16. Re:Leaky Fawcet by GooberToo · 2010-08-10 18:39 · Score: 2, Insightful
  
  I often see uptimes measured in years. It's not at all unusual for a server to need no driver updates for it's useful lifetime if you spec the hardware based on stable drivers being available. The software needs updates in that time, but not the drivers.
  Yes, we've all seen that. It makes for nice bragging rights. But realistically, to presume that one might have a badly leaking application, which can not ever be restarted, and that memory/paging fragmentation is not a consequence, to justify a poor practice is just that, a poor practice. And of course, that completely ignores the fact that there are likely nasty kernel bugs going unfixed. So it means you're advertising a poor practice, which will likely never be required, as an excuse to maintain uptime at the expense of security and/or reliability.
  And if you somehow manage to break the odds whereby the poor practice miraculously pays off, you can always create a paging file.
17. Re:Leaky Fawcet by akanouras · 2010-08-10 18:46 · Score: 1
  
  I apologise, I didn't pay enough attention to the context while replying.
  Indeed, using swapping for the sole purpose of mitigating memory leaks is wrong.
18. Re:Leaky Fawcet by tenchikaibyaku · 2010-08-10 19:08 · Score: 1
  
  I have lately disabled my swap for a very simple reason: with 4GB of RAM, the swap was only ever used when some rouge application suddenly went into an eat-all-memory loop *cough*adobe flash*cough*.
  
  It might not be a good reason in theory, but in practice I rather have the OOM kick in sooner rather than having to struggle with a system that is practically hanged due to all the swapping. I can live with having slightly less of my filesystem cached.

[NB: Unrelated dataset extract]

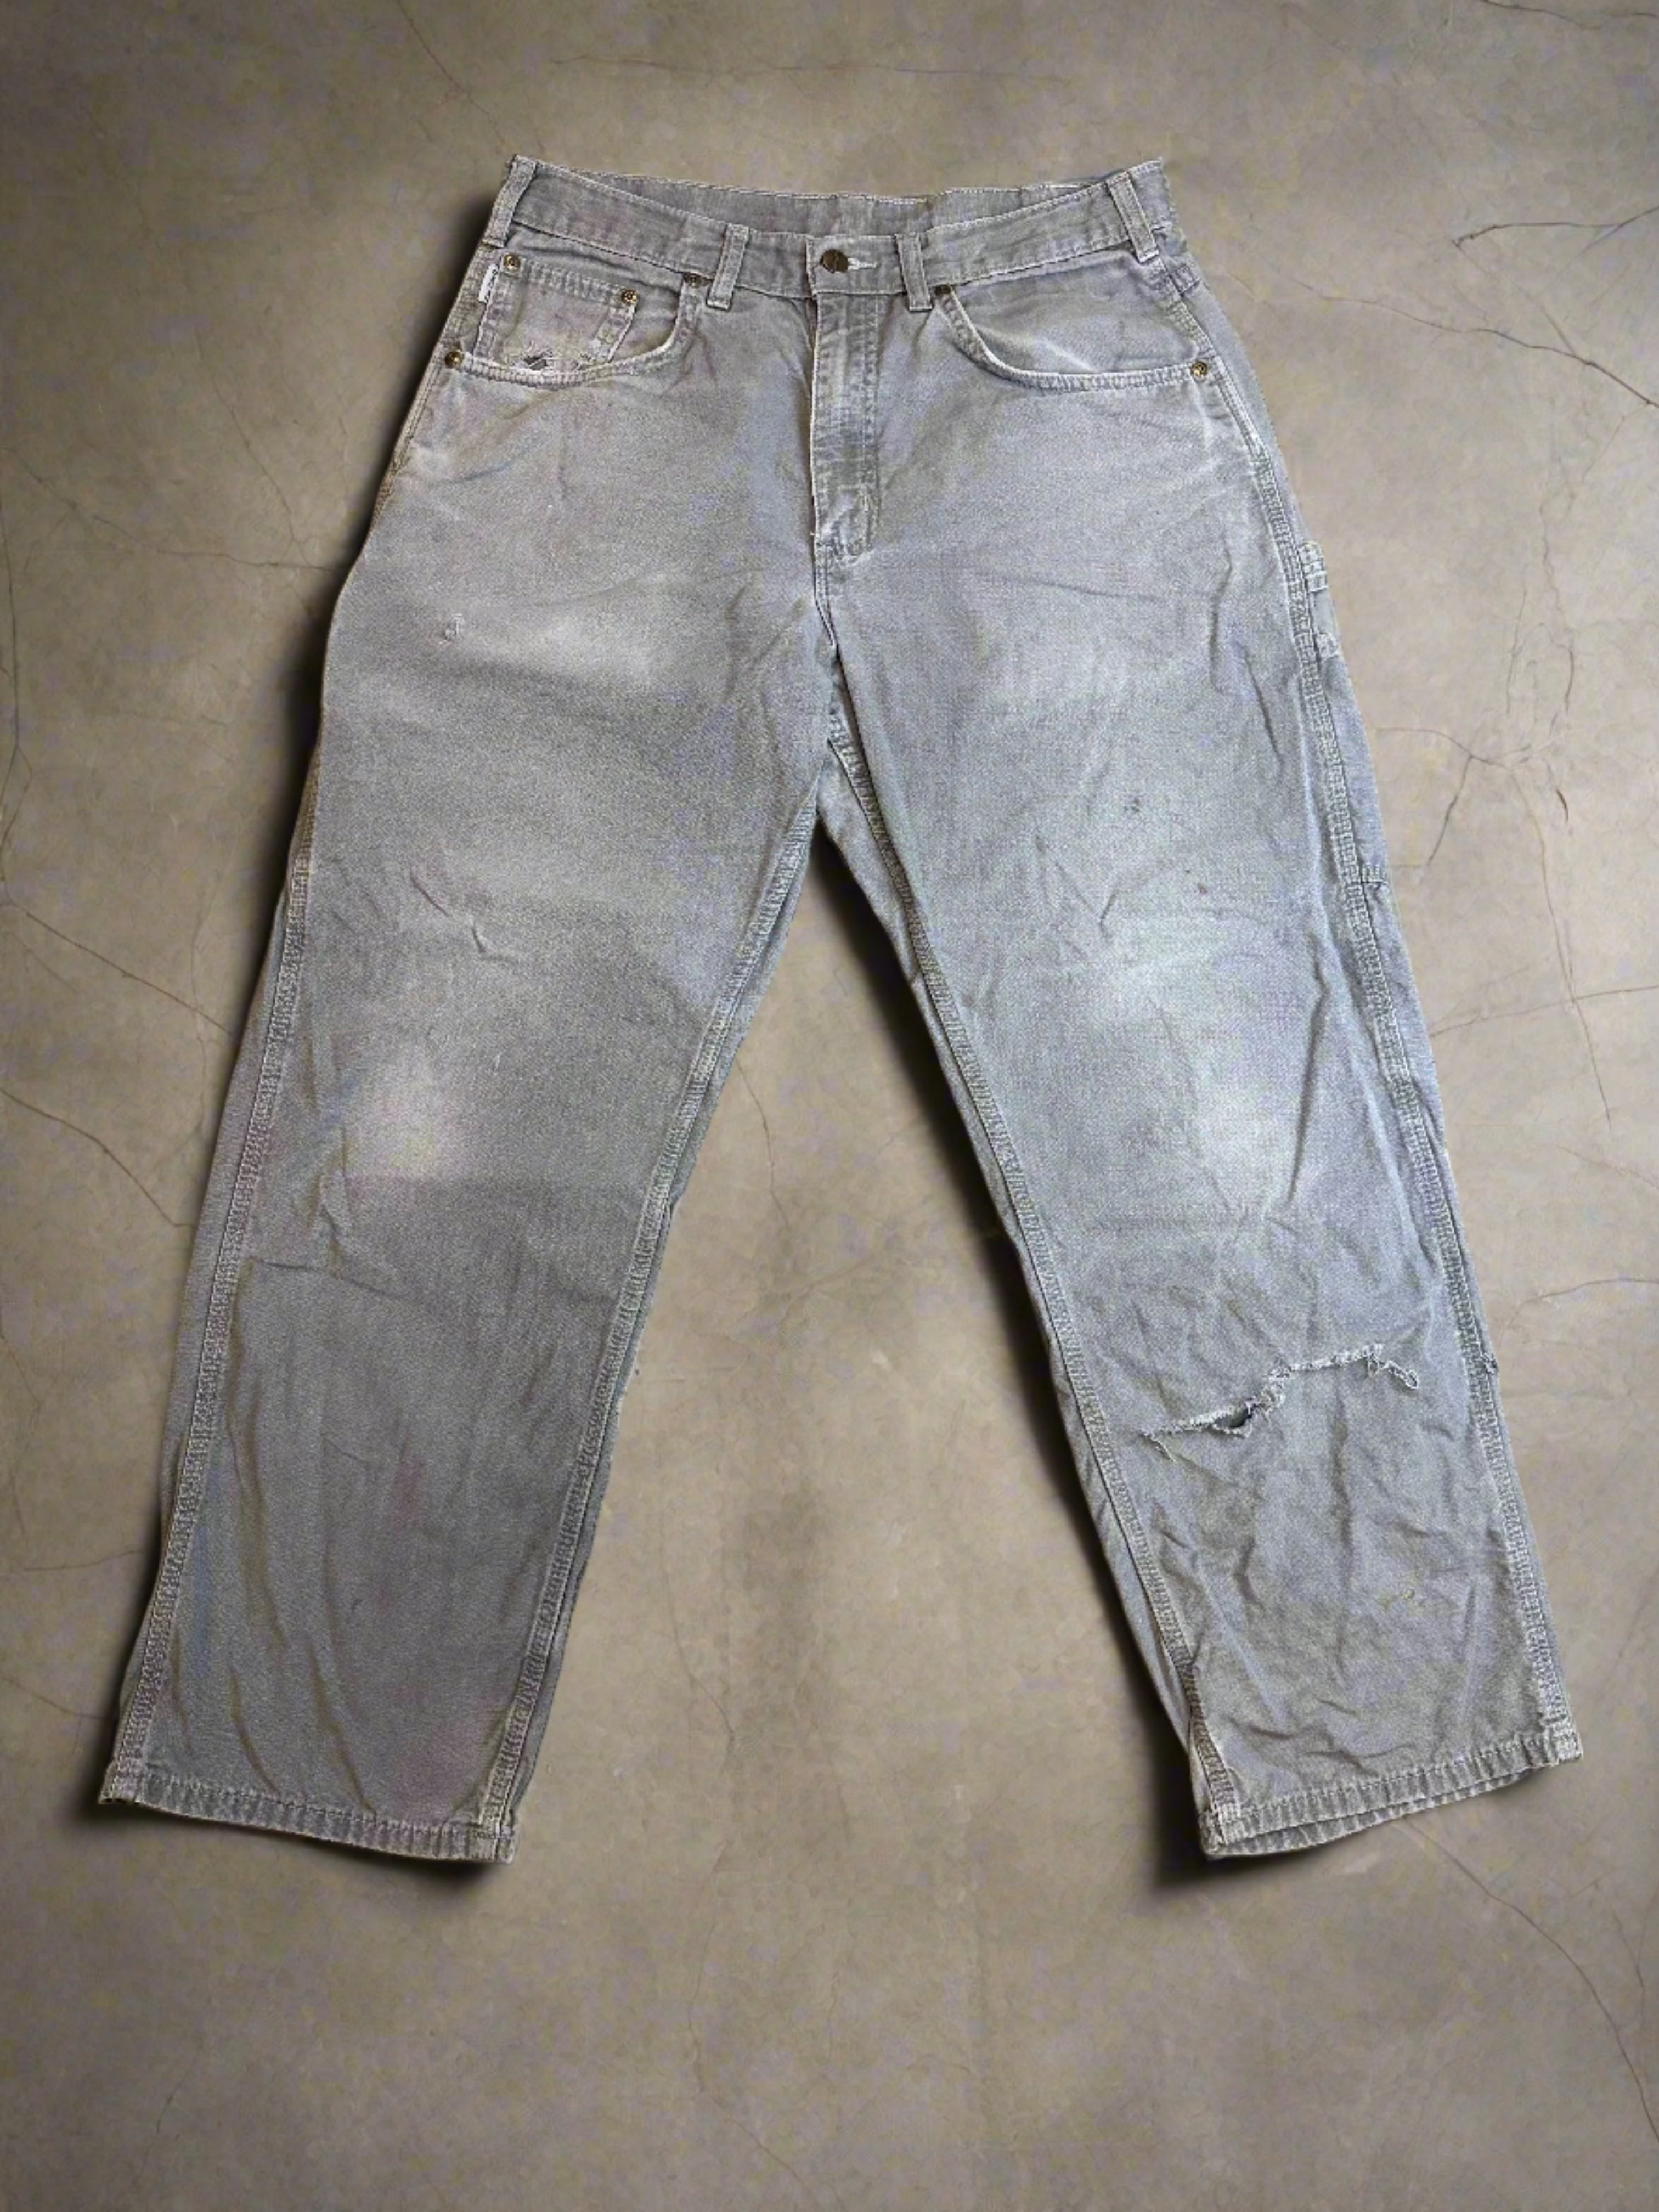 Vintage Carhartt Carpenter Pants - size 33x30

19. Re:Leaky Fawcet by akanouras · 2010-08-10 20:05 · Score: 3, Interesting
  
  Excuse my nitpicking, your post sparked some new questions for me:
  
  The problem stems when legitimate applications attempt to use that memory. How long does it take to page (read/wirte) 16GB, 4KB at a time?

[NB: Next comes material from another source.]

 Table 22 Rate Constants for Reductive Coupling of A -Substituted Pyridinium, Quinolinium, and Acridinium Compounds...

  Are you sure that's it's only reading/writing 4KB at a time? It seems pretty braindead to me.
  
  The old 1:1+x and 2:1 memory to disk ratios are based on notions of swapping rather than paging (yes, those are two different virtual memory techniques), plus allowing room for kernel dumps, etc. Paging is far more efficient than swapping ever was.
  Could you elaborate on the difference between swapping and paging? I have always thought of it (adopting the term "paging") as an effort to disconnect modern Virtual Memory implementations from the awful VM performance of Windows 3.1/9x. Wikipedia mentions them as interchangeable terms and other sources on the web seem to agree.
  
  You might come back and say, one day I might need it. Well, one day you can create a file (dd if=/dev/zero of=/pagefile bs=1024 count=xxxx), initialize it as page (mkswap /pagefile), and add it as a low priority paging device (swapon -p0 /pagefile). Problem solved.

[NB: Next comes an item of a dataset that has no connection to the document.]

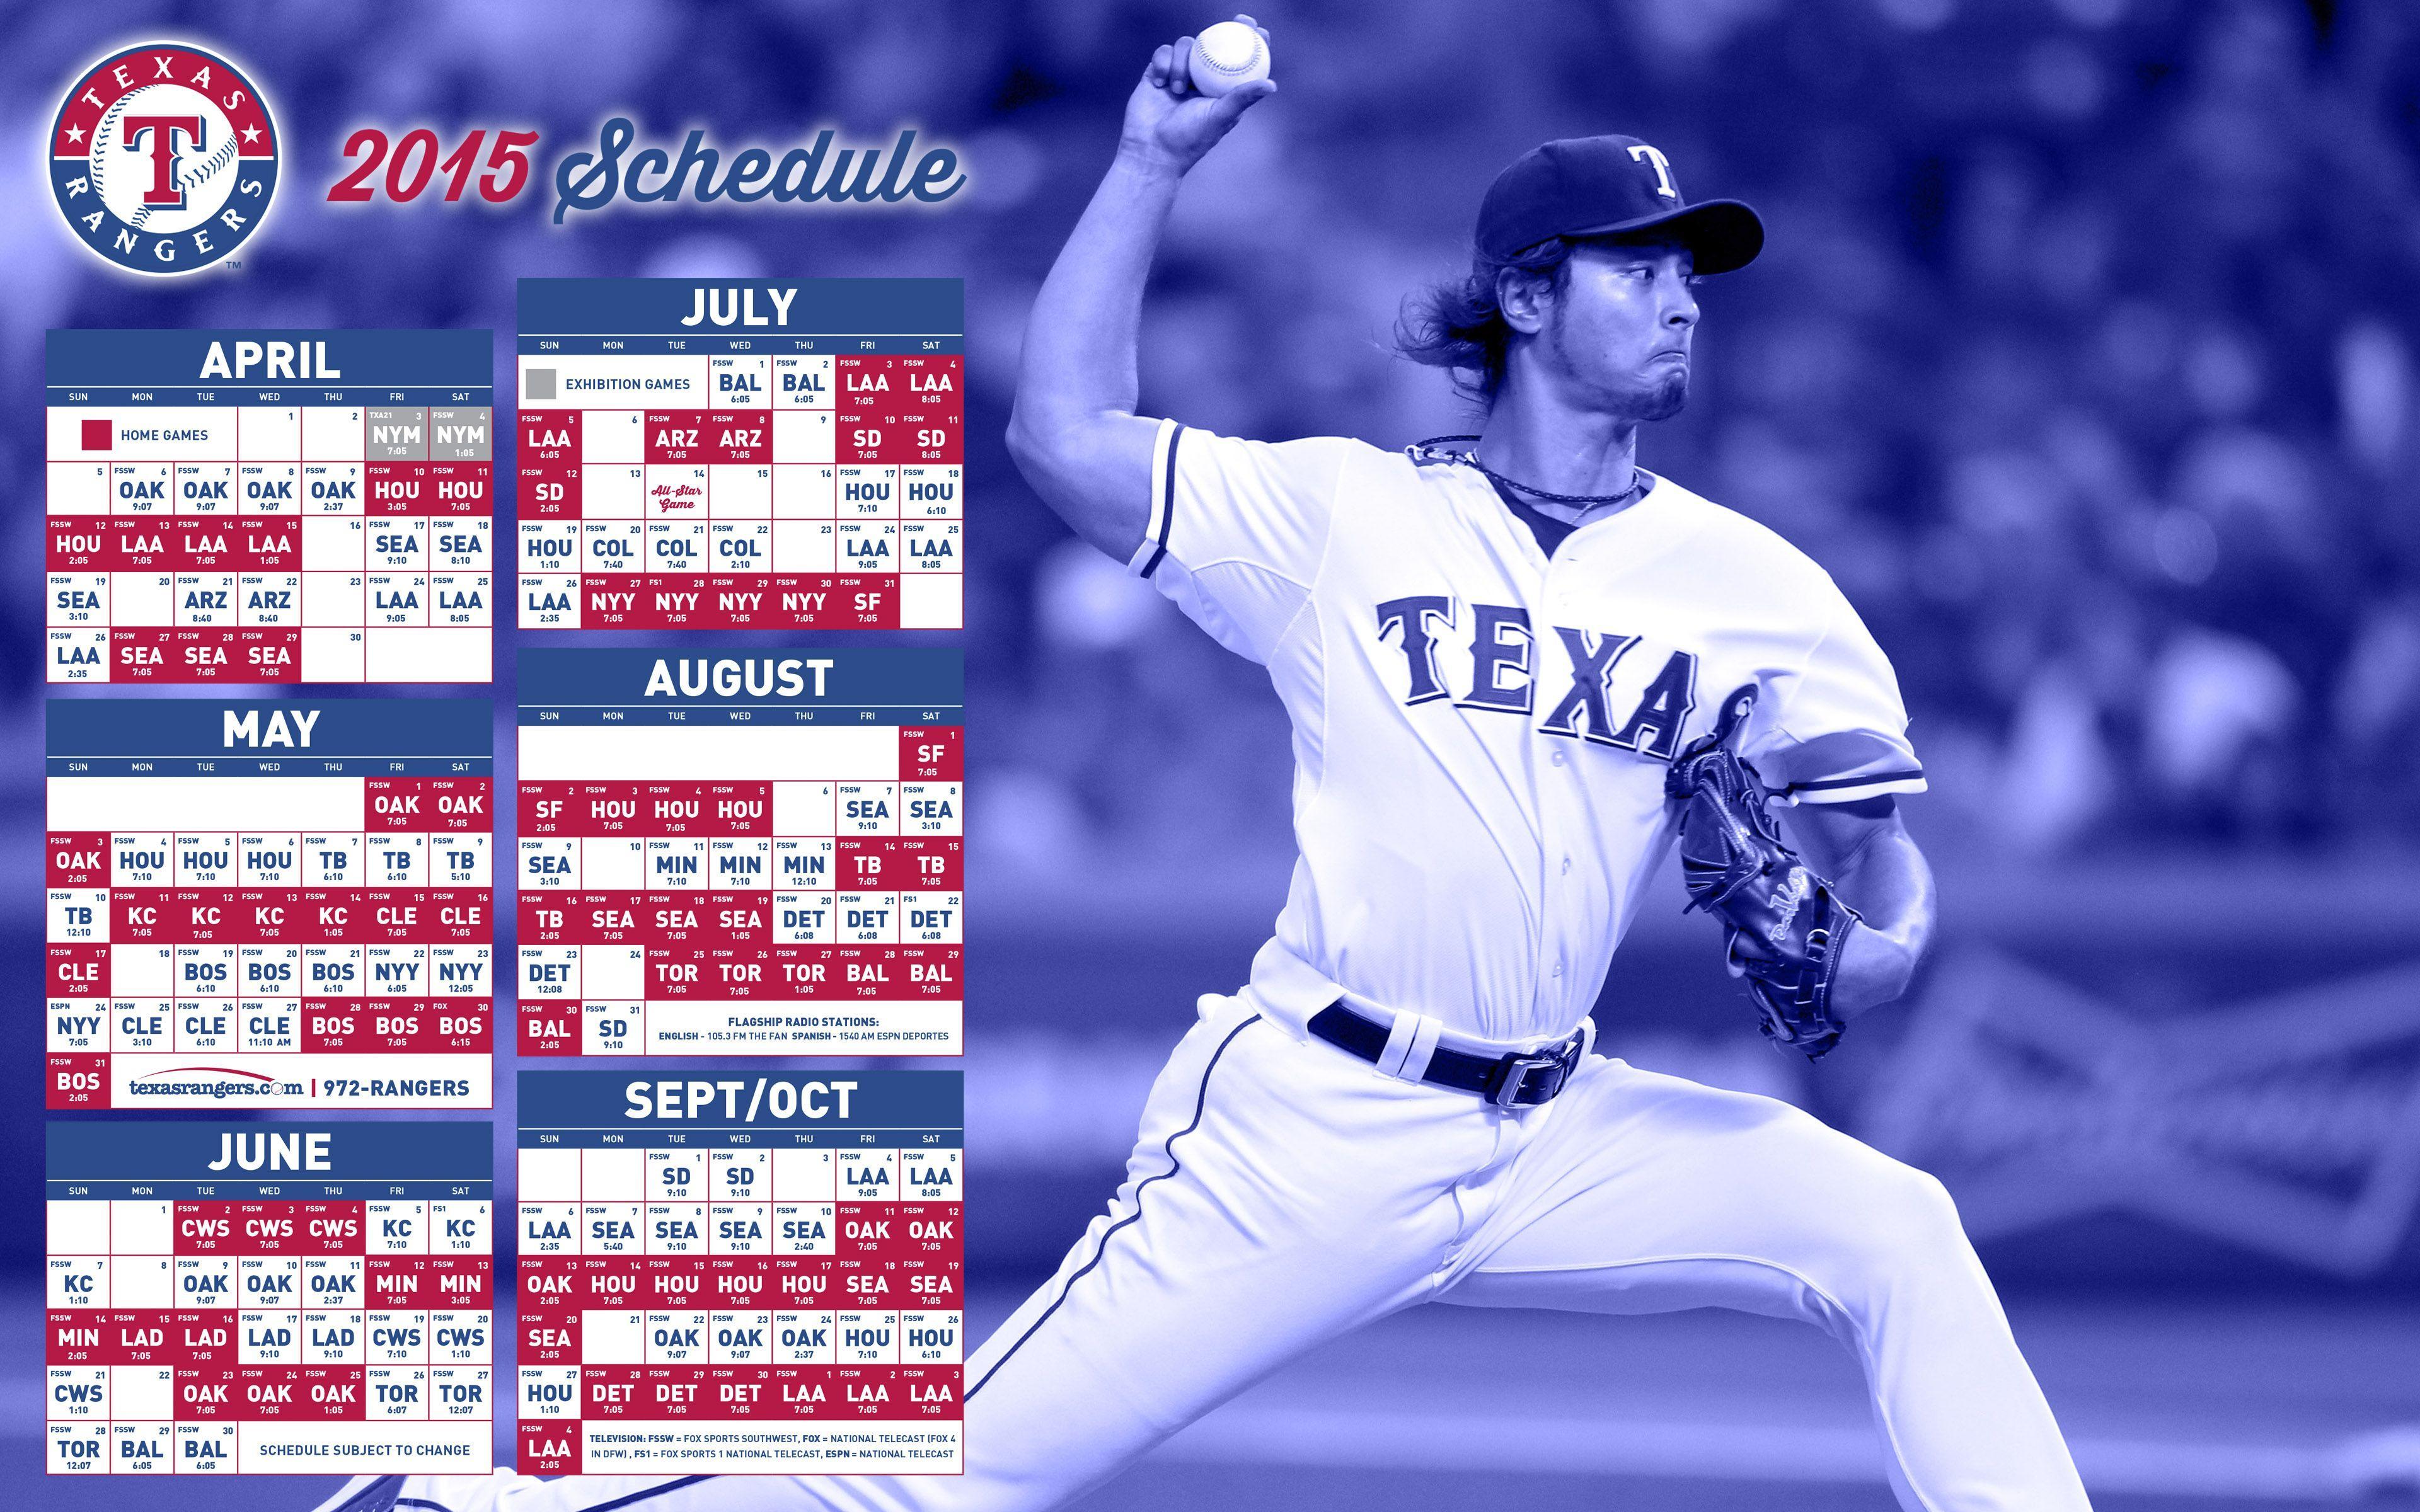 Texas Rangers Desktop Wallpaper

  Just mentioning here that Swapspace (Debian package) takes care of that, with configurable thresholds.
  
  You may say the performance will be horrible with paging on top of a file system - but if you're overflowing several GB to a page file on top of a file system, the performance impact won't be noticeable as you already have far, far greater performance problems. And if the page activity isn't noticeable, the fact its on a file system won't matter.
  Quoting Andrew Morton:
  "[On 2.6 kernels the difference is] None at all. The kernel generates a map of swap offset -> disk blocks at swapon time and from then on uses that map to perform swap I/O directly against the underlying disk queue, bypassing all caching, metadata and filesystem code."
20. Re:Leaky Fawcet by Anonymous Coward · 2010-08-10 20:25 · Score: 0
  
  You must be new here
21. Re:Leaky Fawcet by somersault · 2010-08-10 21:59 · Score: 0, Redundant
  
  I'm assuming you've already heard of it, but you can use something like ksplice to patch up the kernel on the fly. It's not necessary to skip updates even if you want 100% uptime.
  
  --
  which is totally what she said
22. Re:Leaky Fawcet by lars_stefan_axelsson · 2010-08-10 22:19 · Score: 2, Informative
  
  Could you elaborate on the difference between swapping and paging? I have always thought of it (adopting the term "paging") as an effort to disconnect modern Virtual Memory implementations from the awful VM performance of Windows 3.1/9x. Wikipedia mentions them as interchangeable terms and other sources on the web seem to agree.
  It's actually (buried) in the wikipedia article you link, but only a sentence or so. In the old days, before paging, a Unix system would swap an entire running program onto disk/drum. (That's where the sticky bit comes from, as swap space was typically much faster than other secondary storage, if nothing else the lack of a file system helps, the sticky bit on an executable file meant, "keep text of program on swap even when it's stopped executing". This meant that executing the program again would go much faster). Then came paging, where only certain pages of a running program would get ejected to swap space.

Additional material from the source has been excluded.